--- Data for review ---
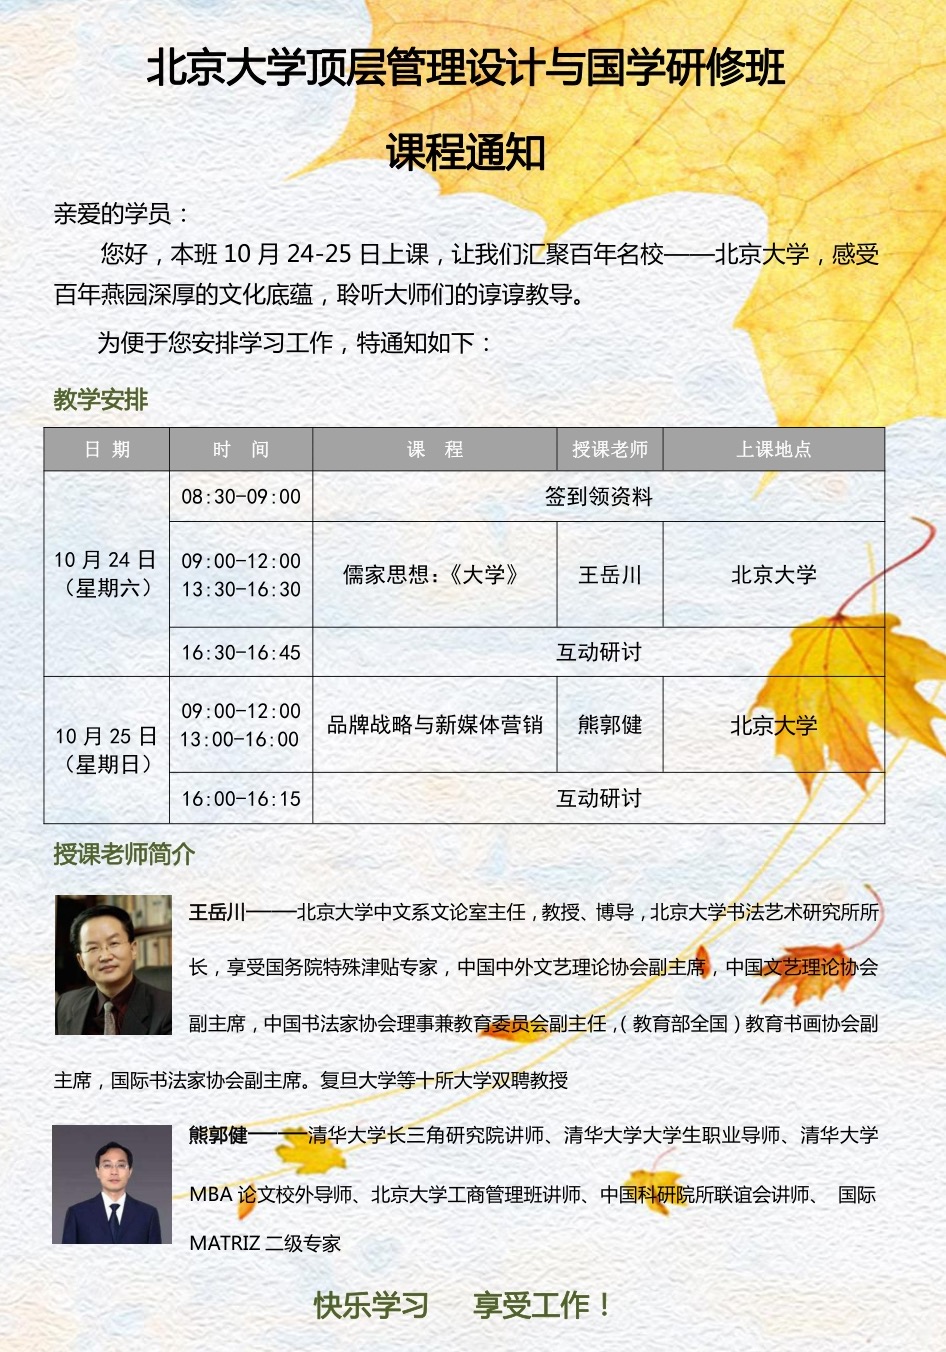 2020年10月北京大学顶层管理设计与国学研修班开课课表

==

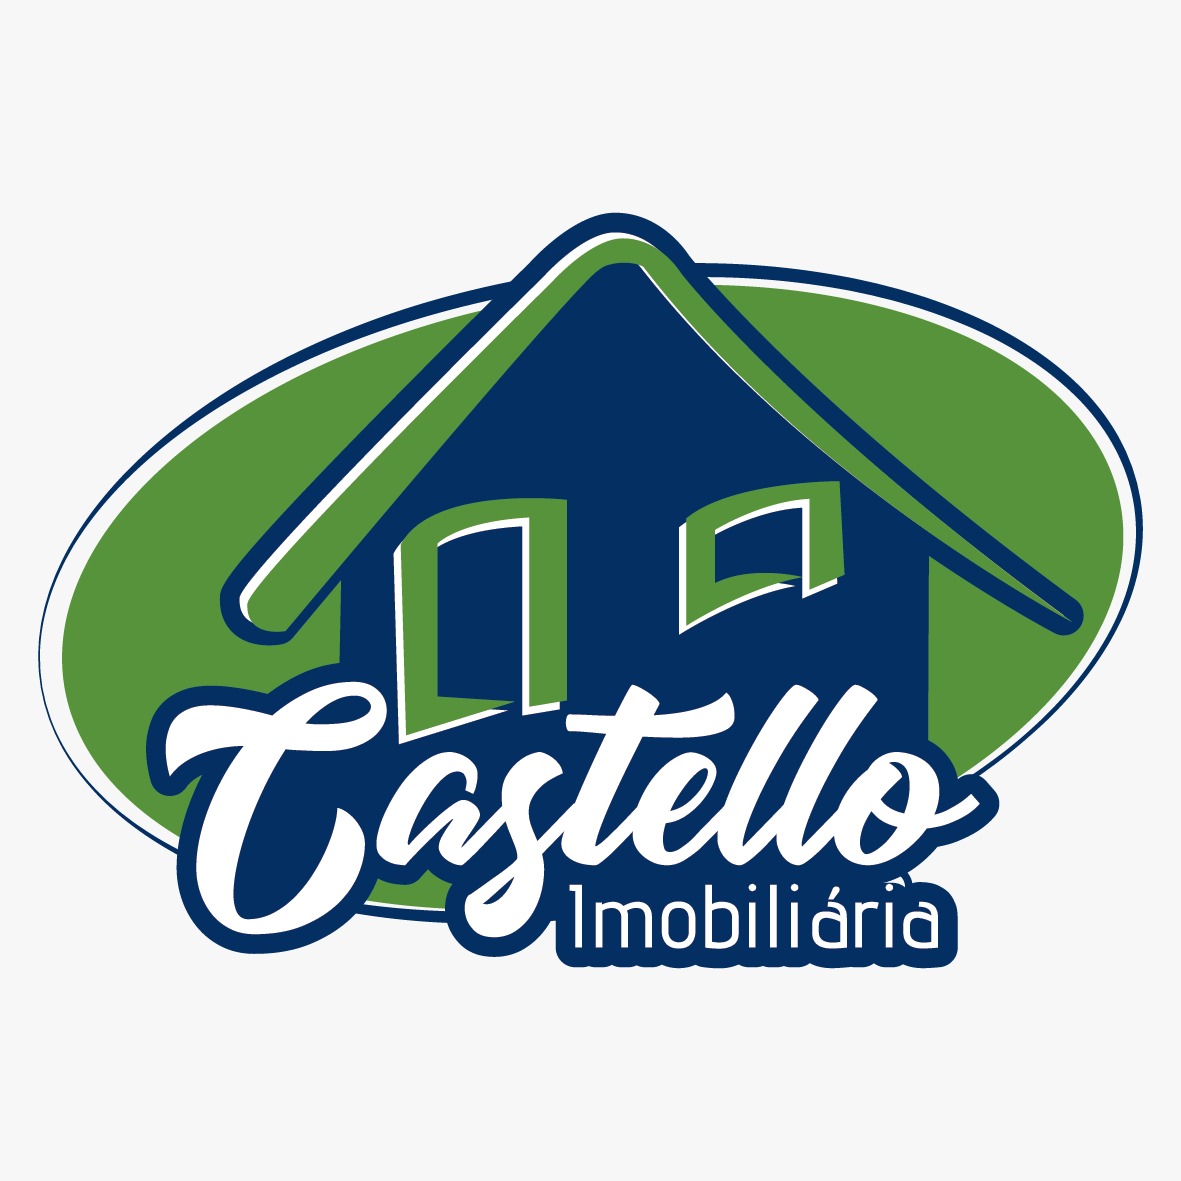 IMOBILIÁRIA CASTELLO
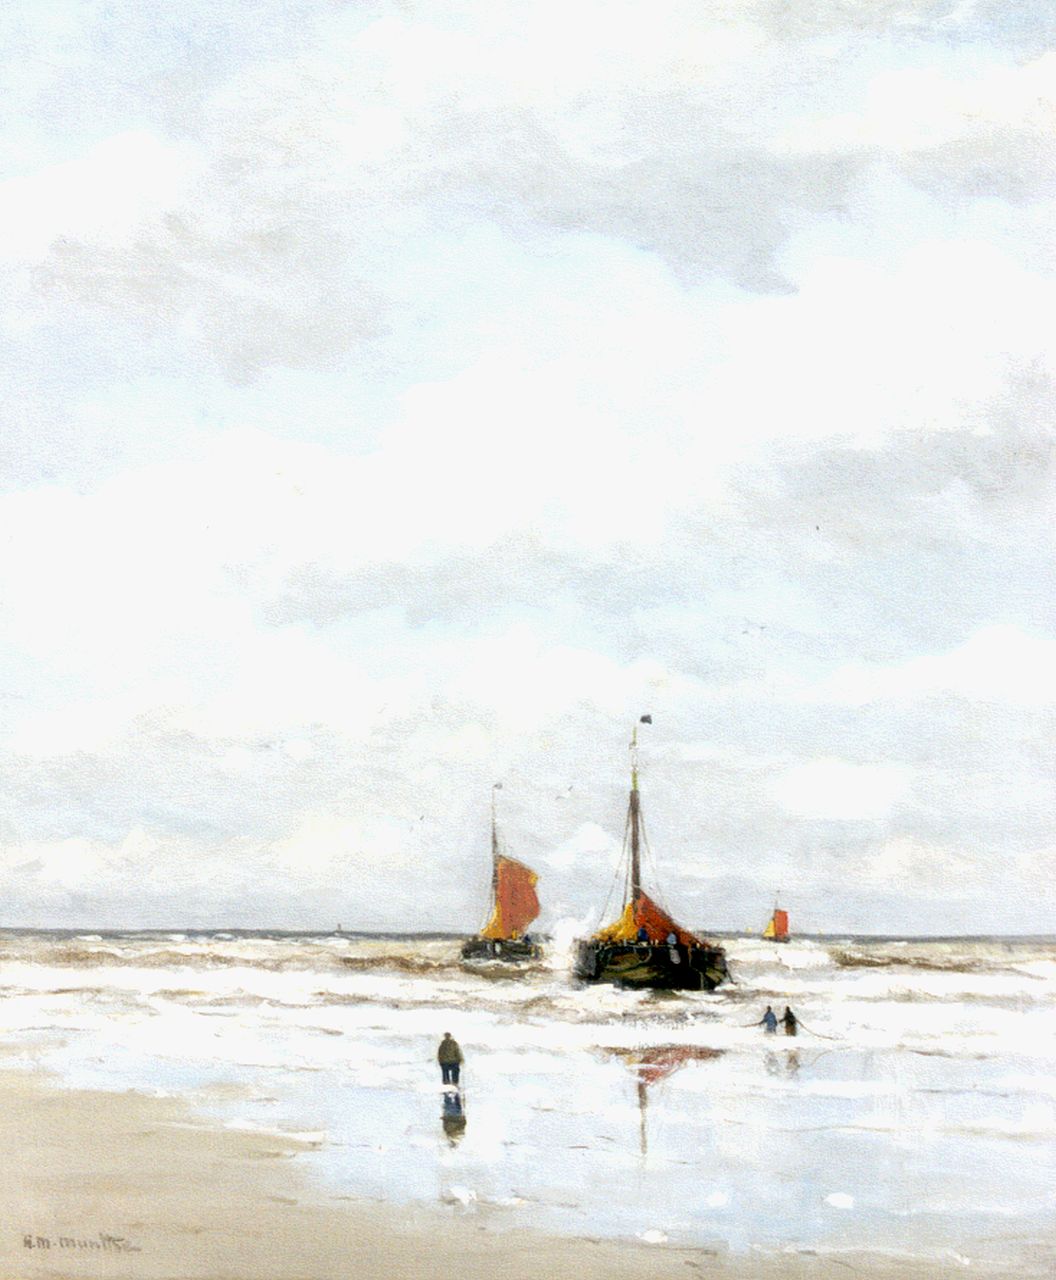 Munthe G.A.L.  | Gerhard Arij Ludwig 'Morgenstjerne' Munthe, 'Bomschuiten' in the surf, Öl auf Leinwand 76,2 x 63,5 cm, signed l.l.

--- How to complete this task ---
Up in the listing, locate the line with "IMOBILIÁRIA CASTELLO"; print it and every line after it down to the line with "cm, signed l.l.", which is included too. Skip the pictures.

--- Solution to this problem ---
 IMOBILIÁRIA CASTELLO
 Munthe G.A.L.  | Gerhard Arij Ludwig 'Morgenstjerne' Munthe, 'Bomschuiten' in the surf, Öl auf Leinwand 76,2 x 63,5 cm, signed l.l.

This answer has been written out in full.